In March of 1992, plaintiff Hari Razdan, a 56-year old mechanical/electrical engineer, was seeking work as a designer of electrical components for locomotives. The ElectroMotive Division of General Motors expressed interest in plaintiff, and sent him plane tickets so that he could travel from his home in Erie, Pennsylvania to the GM plant in La-Grange, Illinois for an interview. GM apparently decided that it wanted to hire plaintiff, and entered into negotiations with him through two employment agencies that acted as its agents, Dymanex and Mid-Tech. GM indicated that, due to a hiring freeze, it wanted plaintiff to work as a contract employee for a two-to-three month period before coming on as a full-time employee. Plaintiff responded that he would have to be paid $50.18 per hour as a contract employee to remain on a par with the salary he had received at his last position. Ultimately, GM offered to hire plaintiff as a full-time employee making $72,800.00 per year on the condition that he first work as a contract employee making $35.00 per hour for a two-to-three month period. GM also offered to pay plaintiffs residual moving expenses once he became a full-time employee.

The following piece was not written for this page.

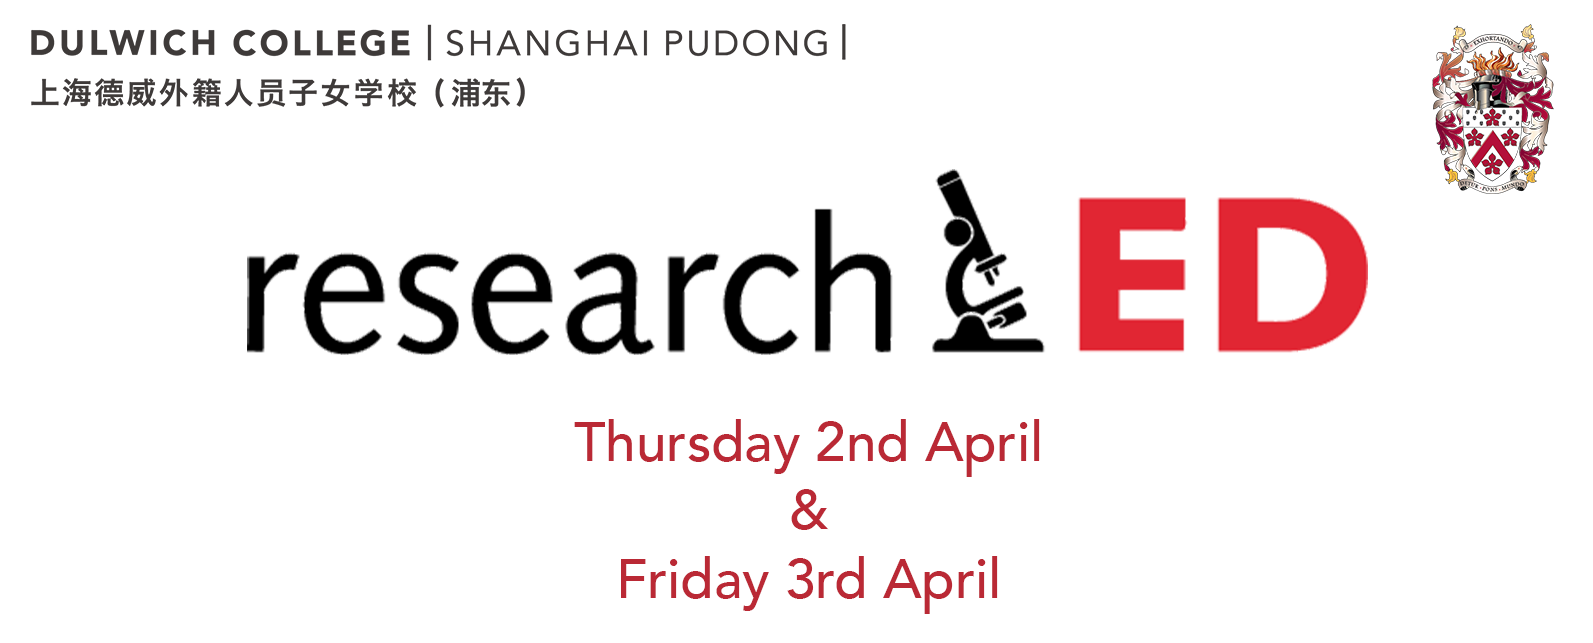 Researched Conference at Dulwich College Shanghai Pudong

Shortly after plaintiff accepted GM’s offer, GM asked him to sign an employment contract with a company called Contract Personnel Resources, or CPR, Inc. Although plaintiff had never heard of this company, he agreed to sign the agreement because GM told him that his compensation had to be “run through” CPR to avoid problems with the hiring freeze. On June 7, 1992, plaintiff began working at GM. After several months passed, he began asking when he would be made a full-time employee. GM put him off for several months, but finally offered him a full-time position in May of 1993. But GM did not offer plaintiff the salary he had originally been promised. Rather, it offered to pay him $5,300 per month (or $63,600 per year), plus a $5,000 signing bonus for the first year. This salary was significantly lower than the wage plaintiff was earning as a contract employee, and so he refused the offer. In response, GM told plaintiff that he could work as an independent contractor for as long as he wished. But this last promise turned out to be false. On November 17, 1995 GM terminated plaintiff without cause.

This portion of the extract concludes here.